I think that was Lackey warming in the pen at that time, too.
 
https://www.youtube.com/watch?v=gtodC5i-Exc
 

ookami7m

Well-Known Member
Lifetime Member
SoSH Member
Jul 15, 2005
5,682
Mobile, AL
The younger me would have said Brunsnsky's slide into RF with the catch that no one saw. Now though I have to go with Damon's lead off HR in game 7 of the 04 ALCS. That was when I knew we were going to win.
 

LahoudOrBillyC

Indian name is Massages Ellsbury
Lifetime Member
SoSH Member
Dec 10, 2003
4,073
Willamette Valley
ookami7m said:
The younger me would have said Brunsnsky's slide into RF with the catch that no one saw.

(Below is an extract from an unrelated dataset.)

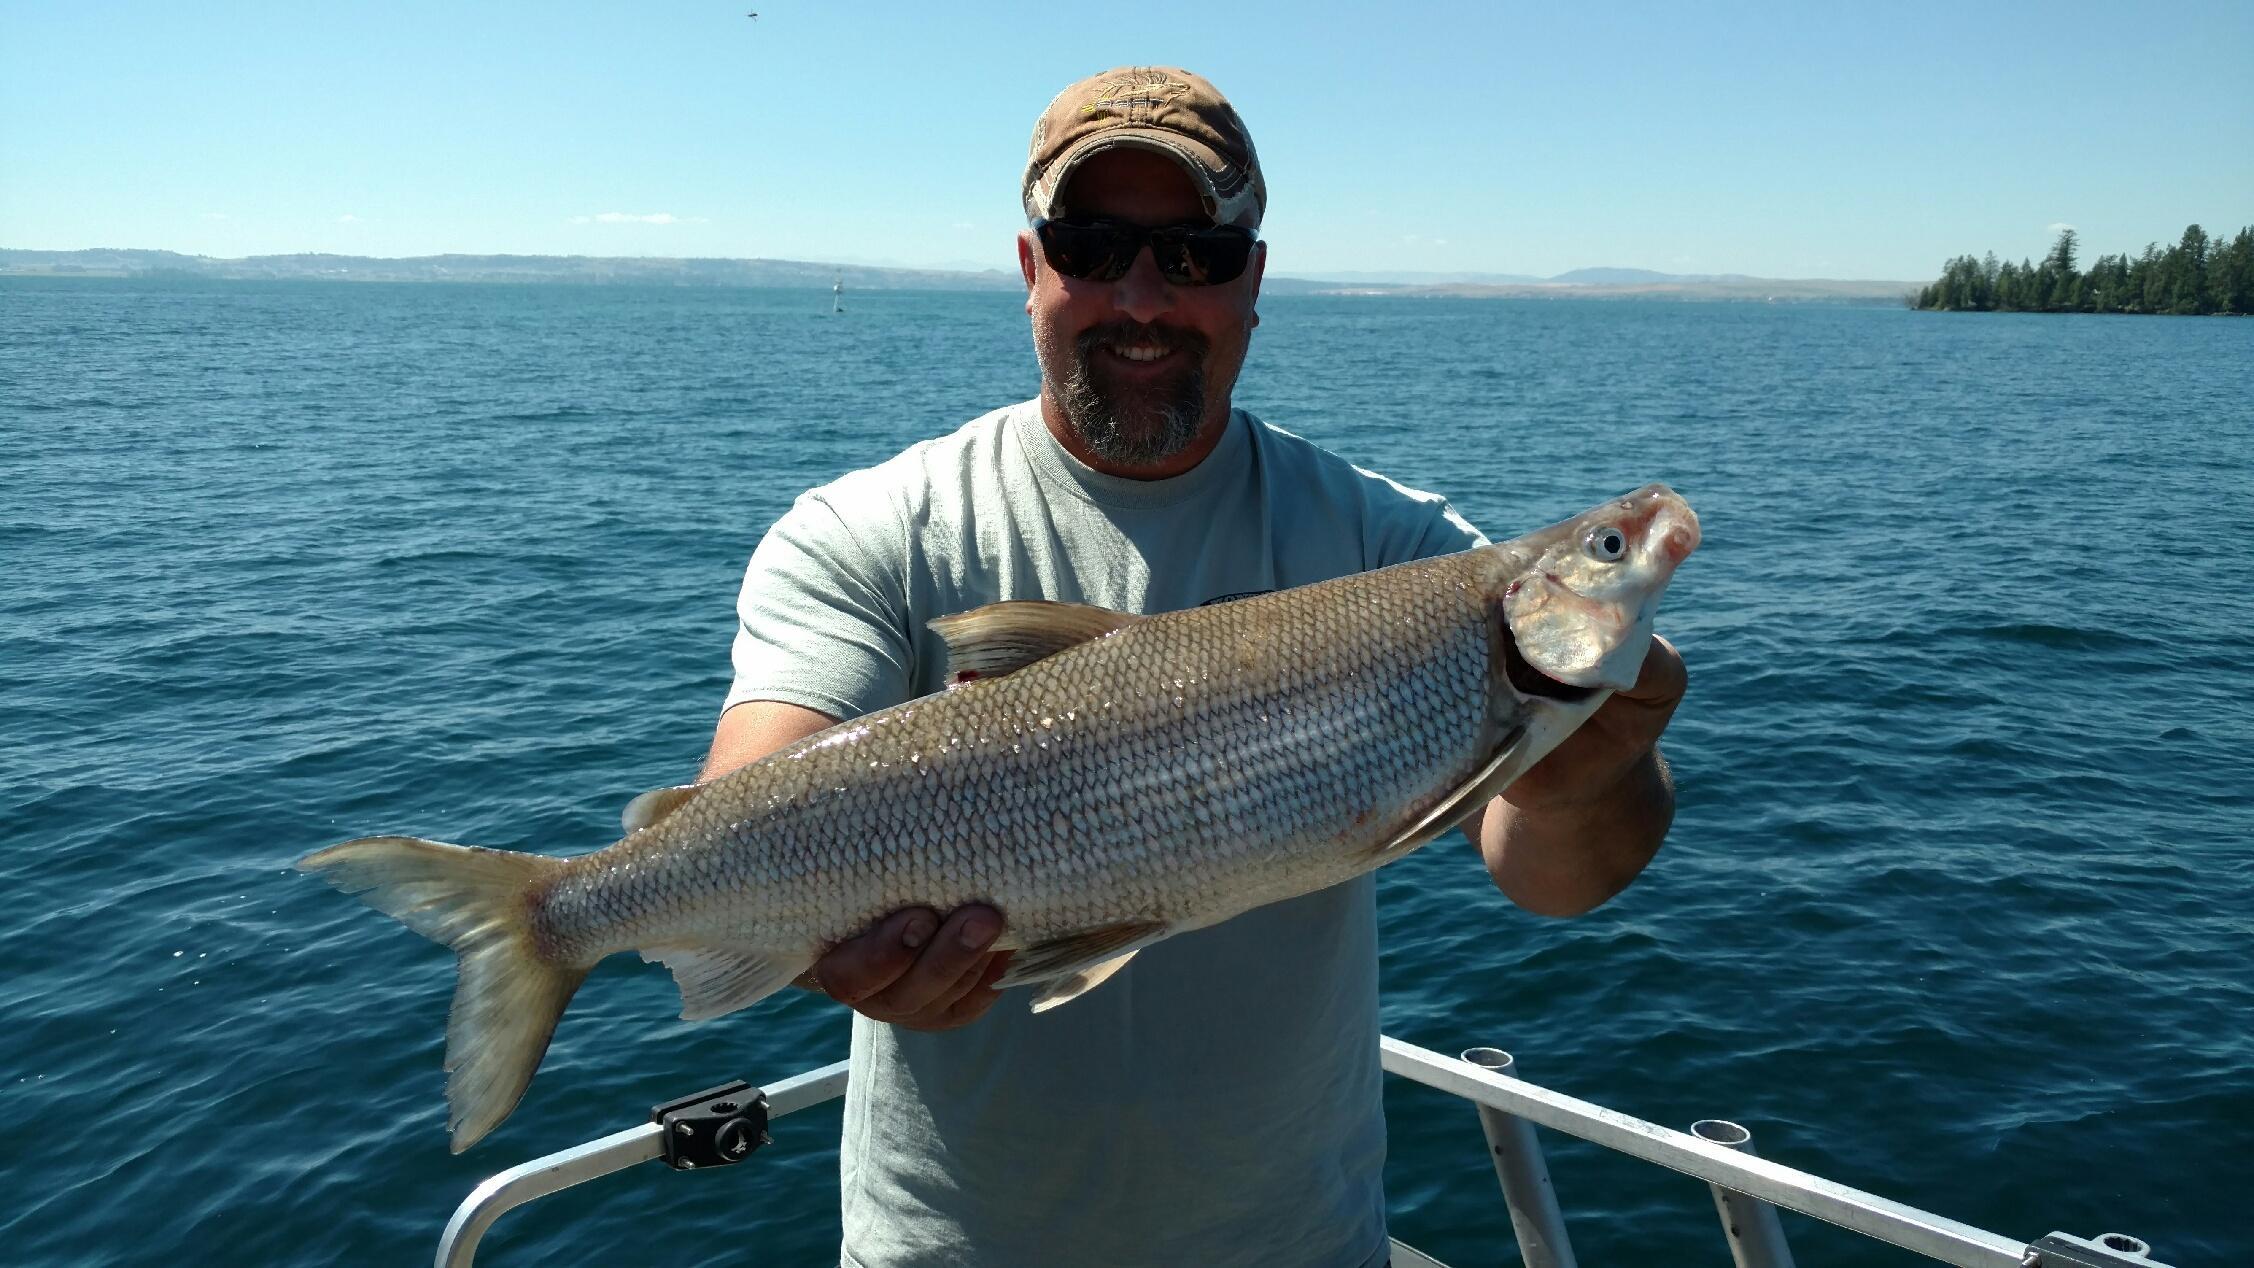 Whitefish fishing report at flathead lake for Whitefish montana fishing
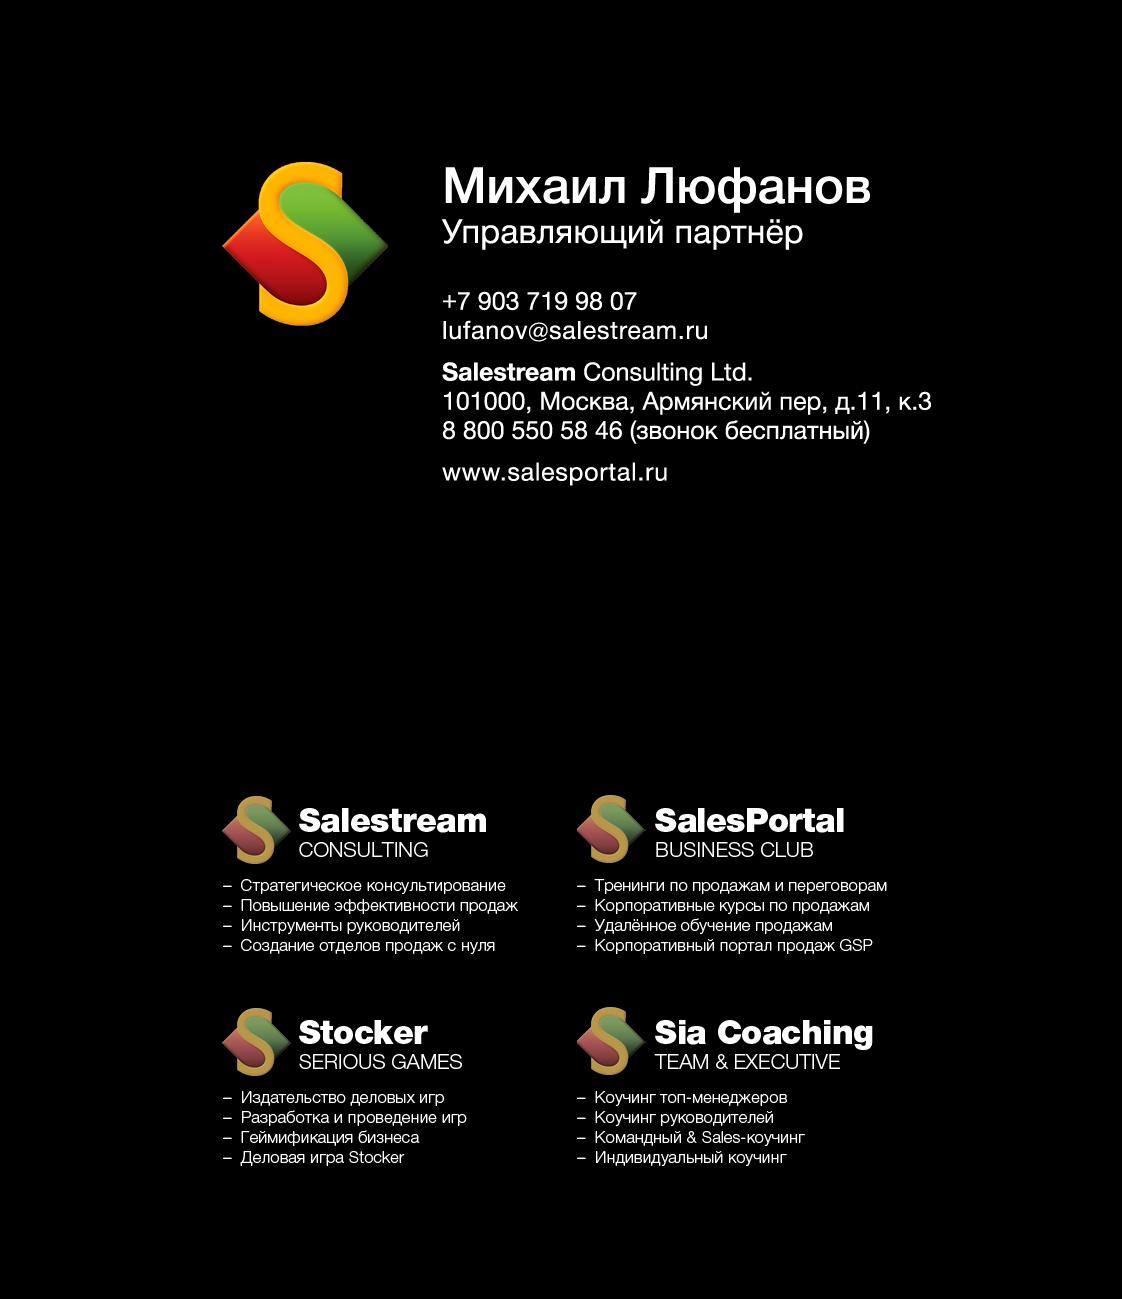 Визитка Михаила Люфанова

Now though I have to go with Damon's lead off HR in game 7 of the 04 ALCS. That was when I knew we were going to win.
Damon did not hit a lead off home run in Game 7 of the 2004 ALCS. So you might have to stick with Brunansky.
 

cannonball 1729

Member
SoSH Member
Sep 8, 2005
3,578
The Sticks
MentalDisabldLst said:
I'll echo D-Lowe dropping the hammer on Terrence Long.  I was at the Riviera in NYC, it was my first postseason as a Sox fan, and all year I had had little confidence in Lowe.  After the way Grady had Grady'd up the inning, I was just wondering if the game was going to be tied and go to extras or if we'd lose on the spot.  I was racing through what it would feel like for our season to be over.  It was a full count.  How could he not walk in the tying run?
 
As the ball flew across the TV screen - I still remember where I was standing in that bar - I knew it was too far to the left.  Fastball inside and up, ball four.  My mind had already started to process how we'd salvage the tie.  I think the only person more surprised than I was that it dropped a whole fucking foot , right into the middle of the strike zone, was Terrence Long.  When I saw the ump's fist shoot out to signal strike three, I lost it and started hugging everyone in sight.  Beer was spilled everywhere, the place was mayhem.  My heart was racing for hours.  I needed a shower by the time I got home.  What a rush.
 
Am I missing something?  Long struck out on a 1-2 count.
 

CaptainLaddie

dj paul pfieffer
SoSH Member
Sep 6, 2004
36,908
where the darn libs live
In person?  I've had a few pretty awesome moments at Fenway -- I was there for the back-to-back-to-back-to-back homers vs the Yankees in 2007 (with my then-girlfriend, now-wife in her first experience at Fenway), and for King Felix going 7+ perfect (and believe me I was rooting for it), and for back-to-back Pedro starts in 99, and I was even there for the comeback vs the Rays in the 08 playoffs.  But my favorite is still being at Fenway on my birthday in 2004 for Game 5 of the ALCS.  Nothing compares to that for me, in person.
 
Yeah, back to Foulke was great, but the pure "HOLY FUCK!" of Ortiz' grand slam in October 2013 was pretty incredible, and Bellhorn's homer in G1 of the 2004 WS is up there was well.